Kopftuch am Arbeitsplatz: Junge Frau siegt vor Gericht

24.4.2017, 16:38 Uhr

Als 18-Jährige fing sie in dem Drogeriemarkt an. Probleme gab es nie – das bestätigt auch der Arbeitgeber der mittlerweile 33-Jährigen. Dann wurde Esra G. schwanger. Als sie im Oktober 2014 nach der Geburt zweier Kinder und der Babypause wieder im Job durchstarten wollte, war ihr Arbeitgeber jedoch alles andere als glücklich: Die junge Mutter trug nun ein Kopftuch. Für Esra G. war der erste Arbeitstag schnell vorbei: Die Vorgesetzte schickte sie nach Hause. Die Kopfbedeckung sei nicht mit der Betriebsordnung vereinbar, hieß es.

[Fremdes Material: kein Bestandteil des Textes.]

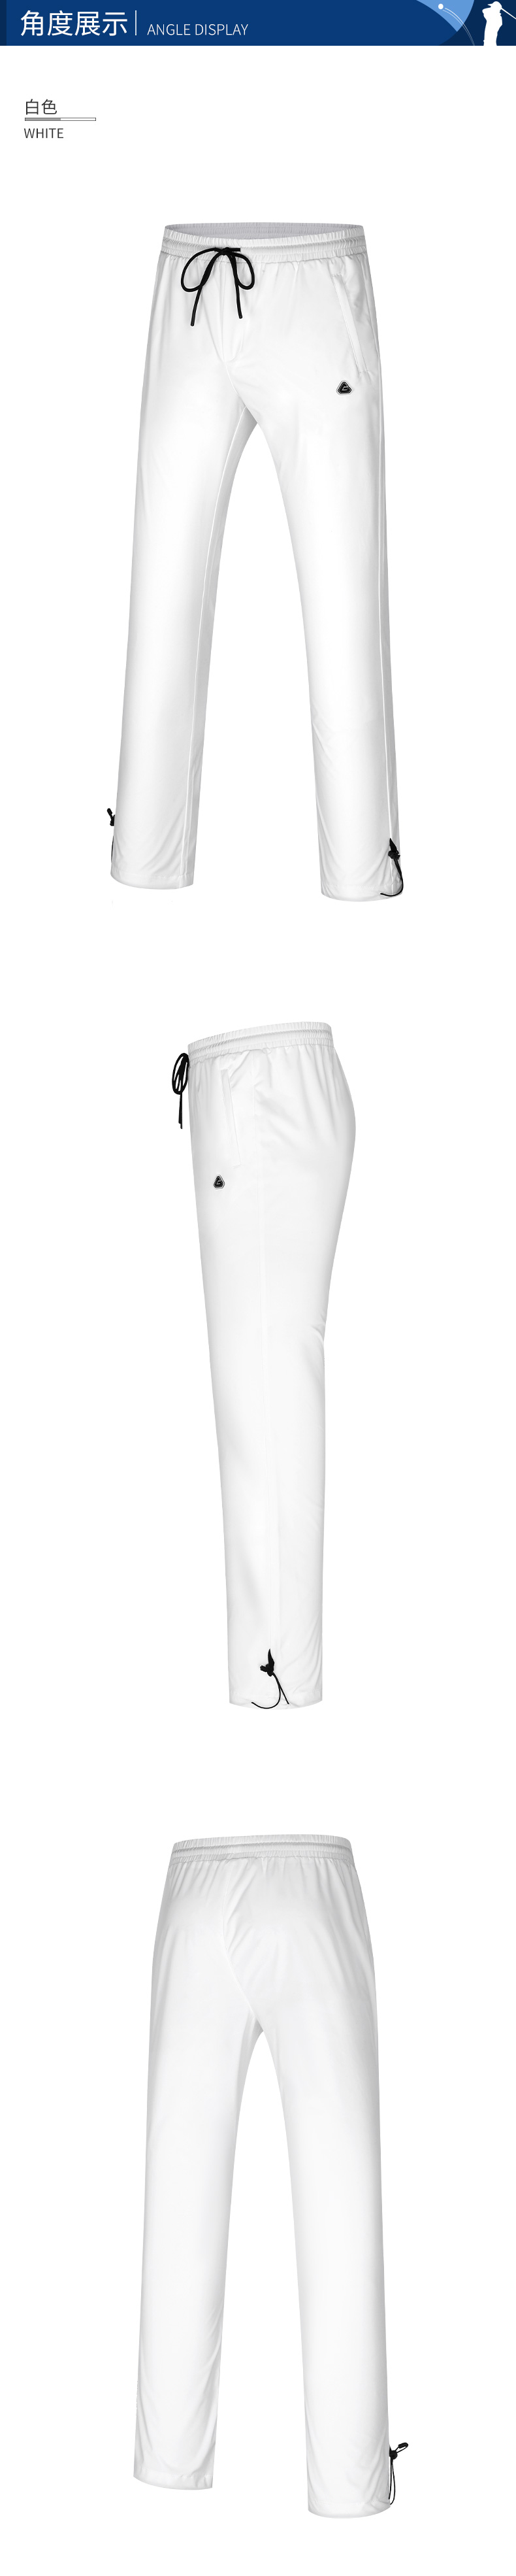 PGM 高尔夫裤子男装服装夏季运动长裤golf防水雨裤调节松紧腰带

Die 33-Jährige wehrte sich gegen das Verhalten ihres Arbeitgebers. Sie zog vor das Arbeitsgericht. Ihr Kopftuch störe ihre Arbeitsleistung nicht, so ihre Argumentation. Esra G. wurde damals von ihrer Arbeit freigestellt, bekam also ihre Stunden bezahlt. Die junge Frau wollte jedoch unbedingt wieder arbeiten. Vor Gericht einigte man sich im Frühjahr 2015 auf einen Kompromiss. Esra G. hätte demnach Inventuraufgaben übernehmen sollen – in den Verkaufsräumen, wo sie auch Kunden sehen können. Kassentätigkeit und Verkaufsberatung hätte sie nicht mehr übernehmen können.

Job verursachte gesundheitliche Probleme

Der Kompromiss scheiterte jedoch. Bei einem erneuten Termin am Arbeitsgericht im März vergangenen Jahres, sagte Esra G.’s Rechtsanwalt Georg Sendelbeck (Manske & Partner), seine Mandantin fühle sich "wie eine Praktikantin". Die junge Frau bemängelte, dass sie keinen Kundenkontakt mehr habe. Außerdem werde sie immer wieder zu unterschiedlichen Zeiten eingeteilt. Der Job habe mittlerweile zu gesundheitlichen Problemen geführt, sie musste sich krankschreiben lassen. Vom Arbeitsgericht erhoffte sie sich vor einem Jahr eine Entscheidung, die dazu führen würde, dass der Drogeriemarkt sie wieder an der Kasse einsetzt. Das Gericht schlug damals vor, über eine Abfindung nachzudenken. Dazu kam es jedoch nicht. Esra G. arbeitete weiter bei Müller – zumindest bis zum Sommer vergangenen Jahres. Im Juni kassierte sie die fristlose Kündigung. Weil sie zu dem Zeitpunkt schwanger war, war diese jedoch unwirksam. Einen erneuten Termin vor dem Arbeitsgericht verursachte das Schreiben trotzdem.

Dabei ging es darum, ob Esra G. seit vergangenen Sommer hätte bezahlt werden und weiterbeschäftigt werden müssen. Jetzt ist ein Urteil gesprochen worden – und für Esra G. bedeutet dies einen Erfolg auf ganzer Linie. Das Gericht bejaht den Anspruch auf Gehaltszahlung seit Juni. Außerdem hat es entschieden, dass die 33-Jährige hätte beschäftigt werden müssen.

"Es ist die erste Entscheidung nach dem EuGH-Urteil, die sagt, dass am Arbeitsplatz ein Kopftuch getragen werden darf", sagt Sendelbeck. Der Europäische Gerichtshof hatte Mitte März entschieden, dass Arbeitgeber das Tragen eines Kopftuchs untersagen können, wenn weltanschauliche Zeichen generell in der Firma verboten sind und wenn es gute Gründe gibt. Derzeit kann Esra G. jedoch sowieso nicht arbeiten — die junge Frau legt erneut eine Baby-Pause ein.